### Your assignment
Transcribe the entries below exactly, starting with the line that has "Samsung SSC17WEB manual Eng-36" and stopping after the line that has "Joker Android Wallpaper"; no pictures belong in the copy.

### The records
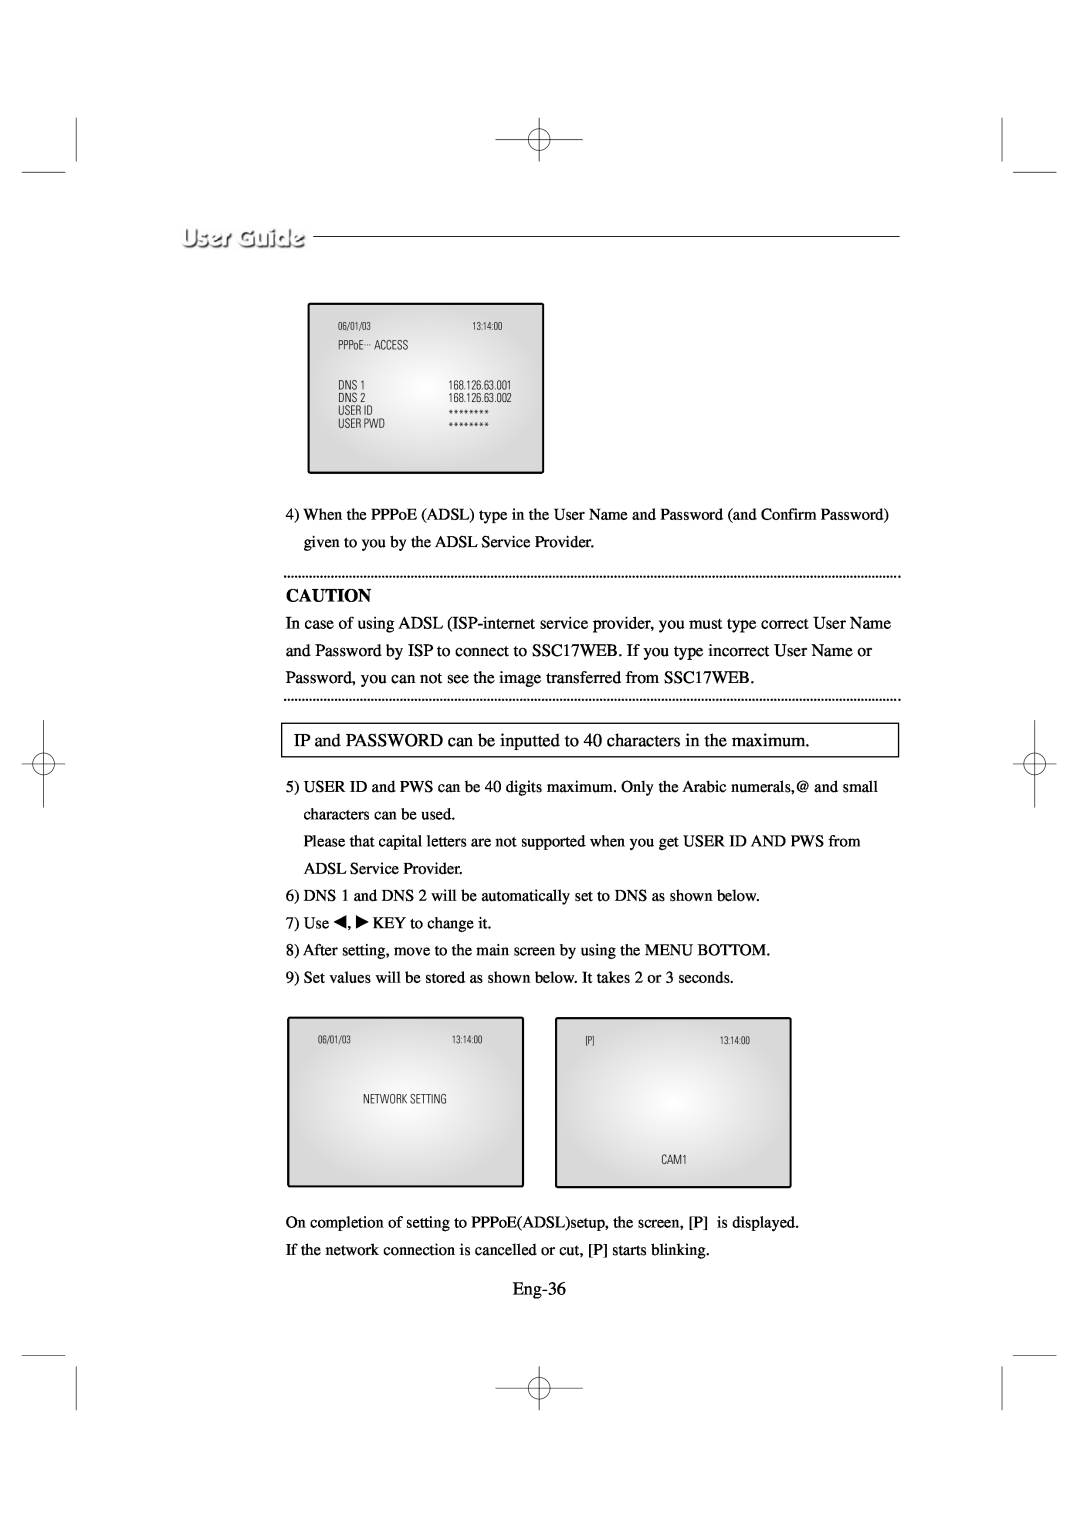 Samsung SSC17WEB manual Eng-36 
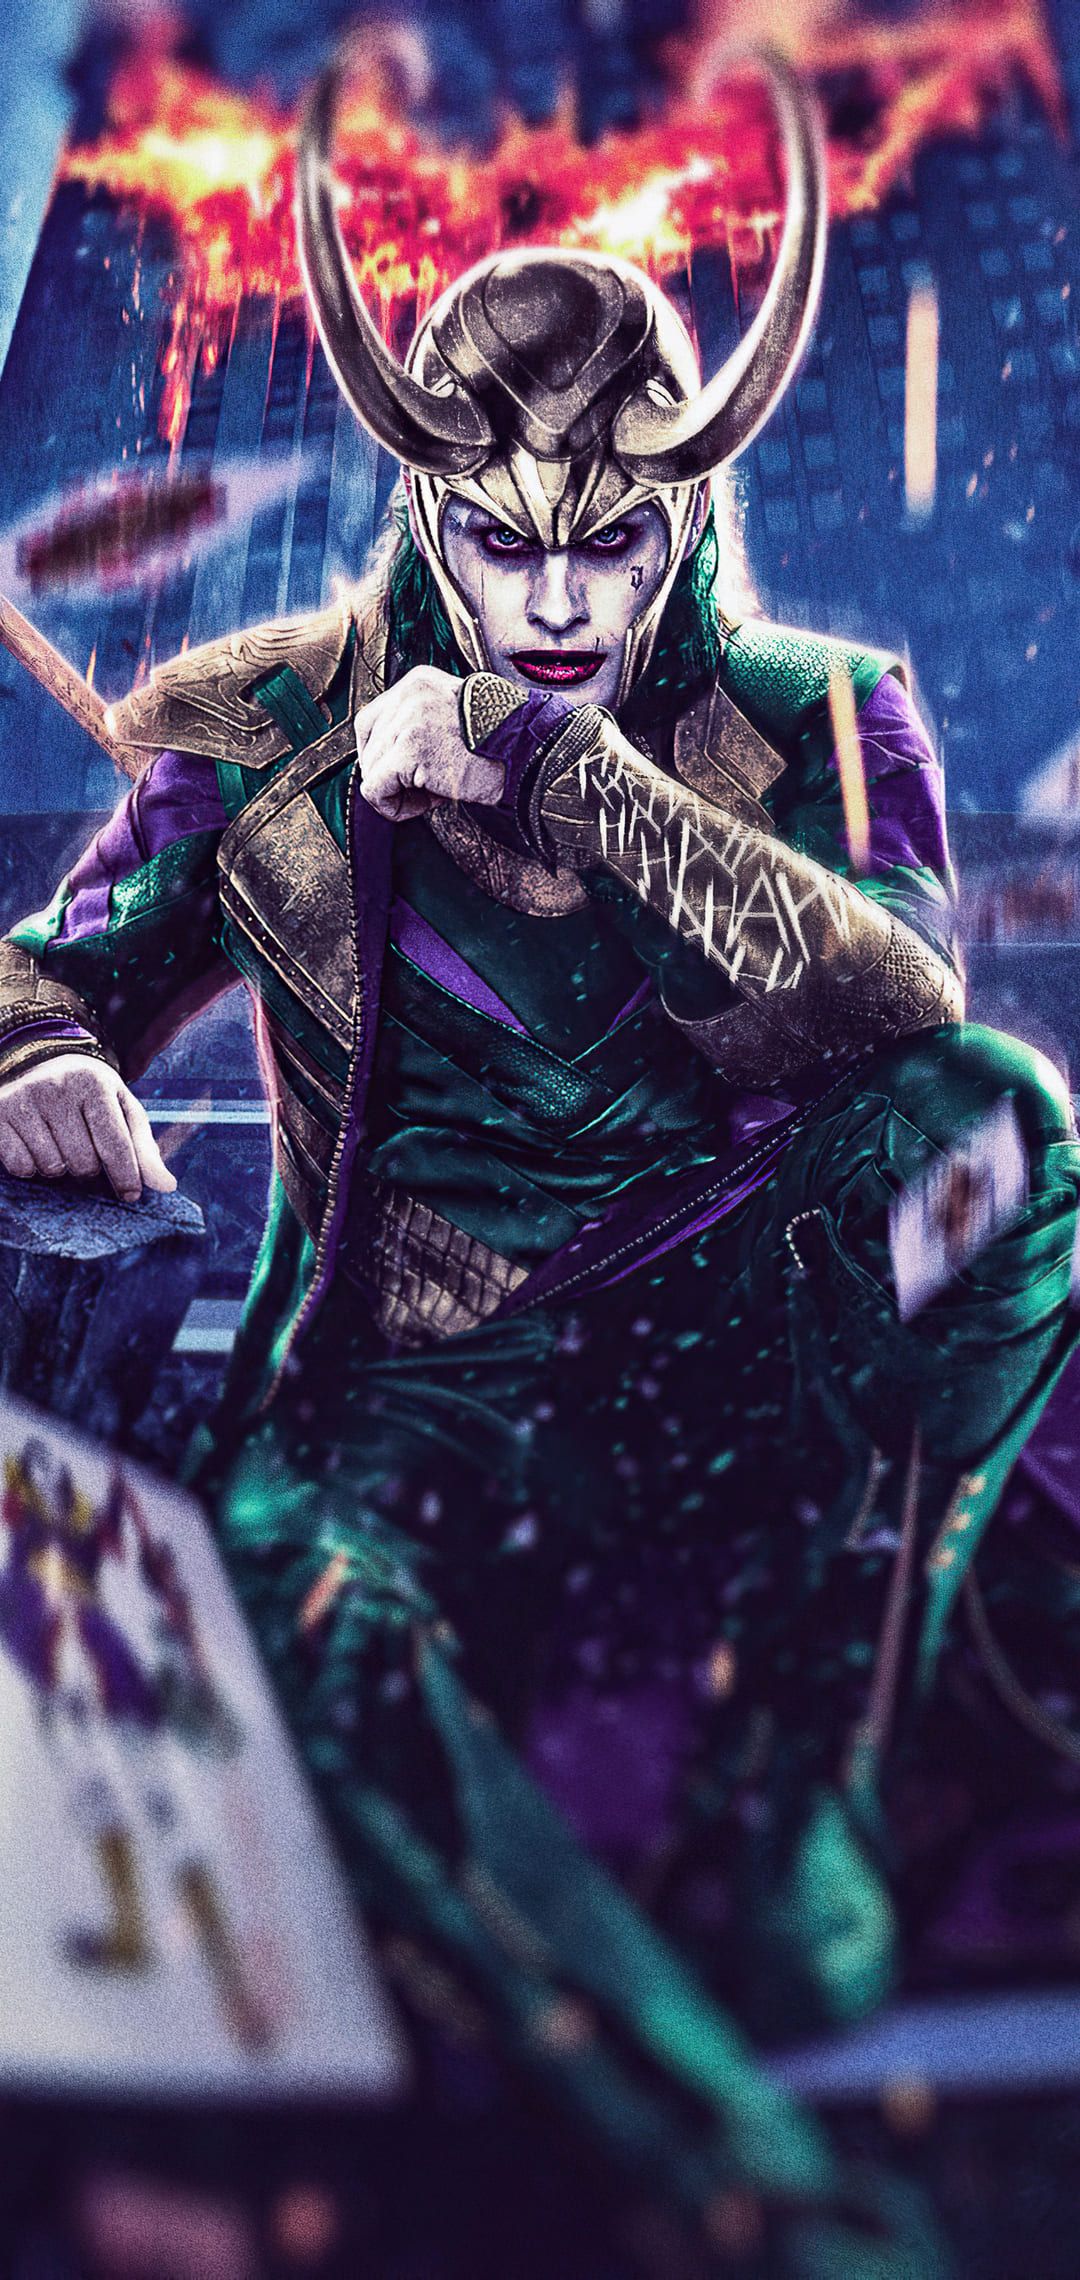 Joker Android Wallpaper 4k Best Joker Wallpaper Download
==
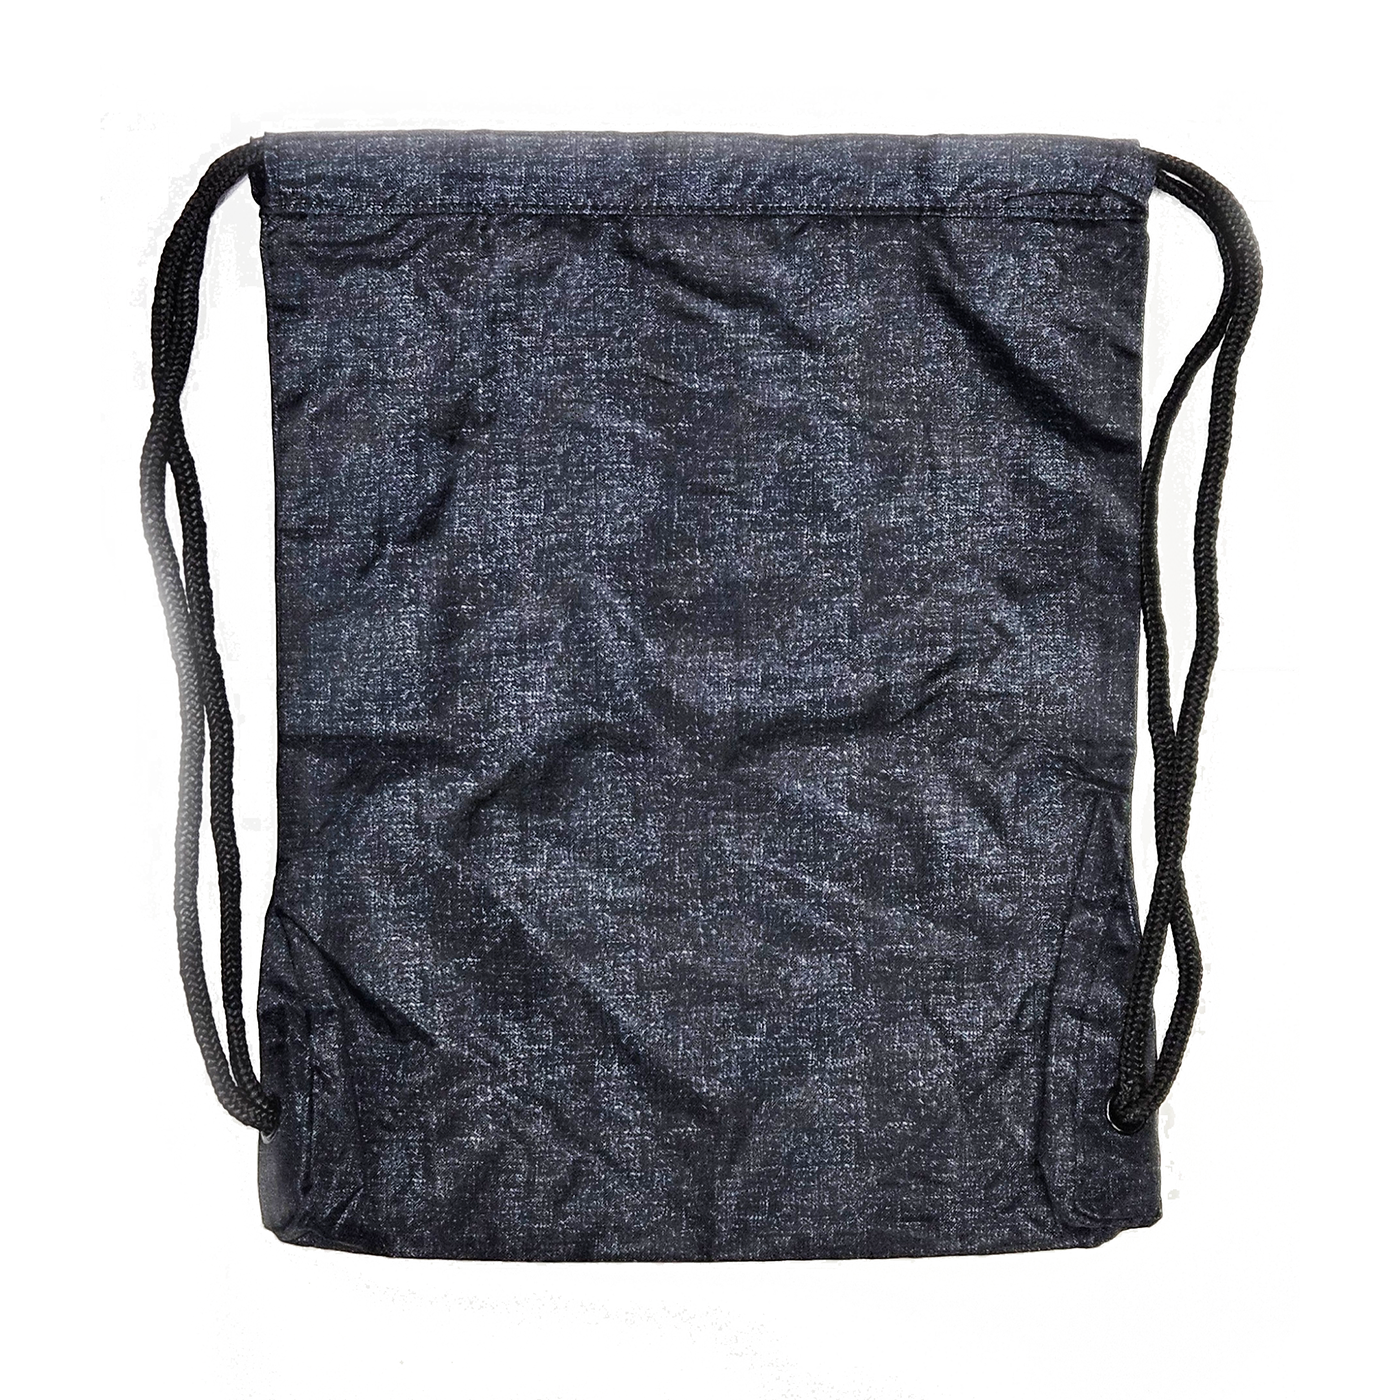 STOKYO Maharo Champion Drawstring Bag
* * *
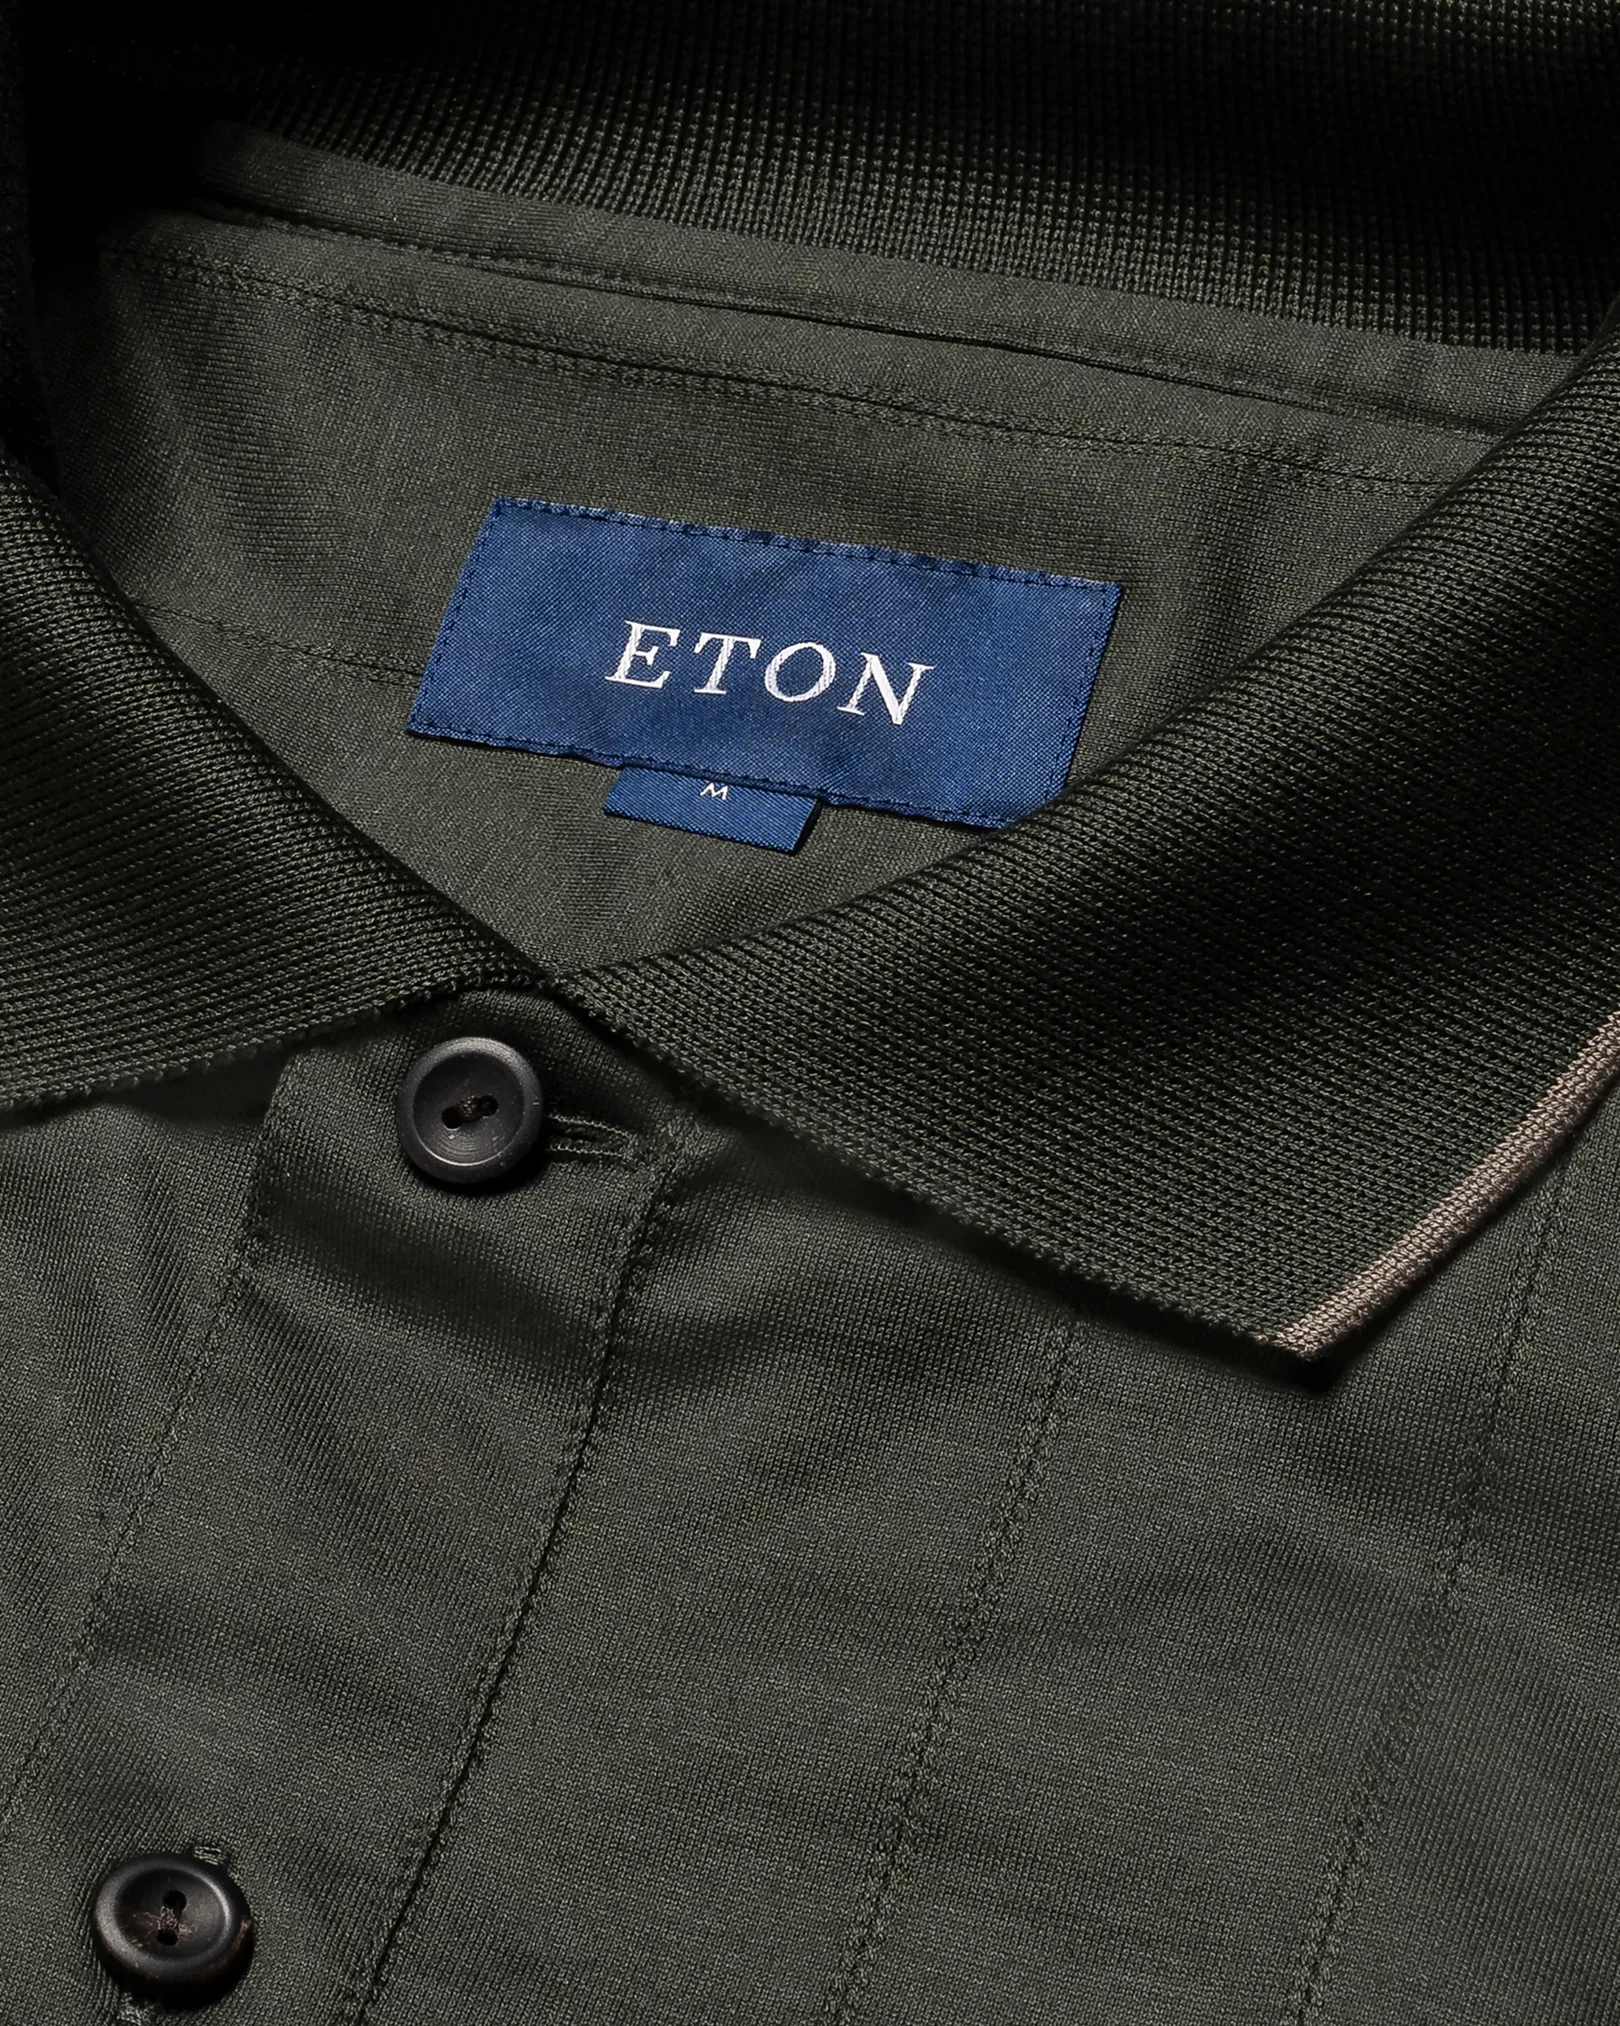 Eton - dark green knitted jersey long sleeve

### Your solution
 Samsung SSC17WEB manual Eng-36 
 Joker Android Wallpaper 4k Best Joker Wallpaper Download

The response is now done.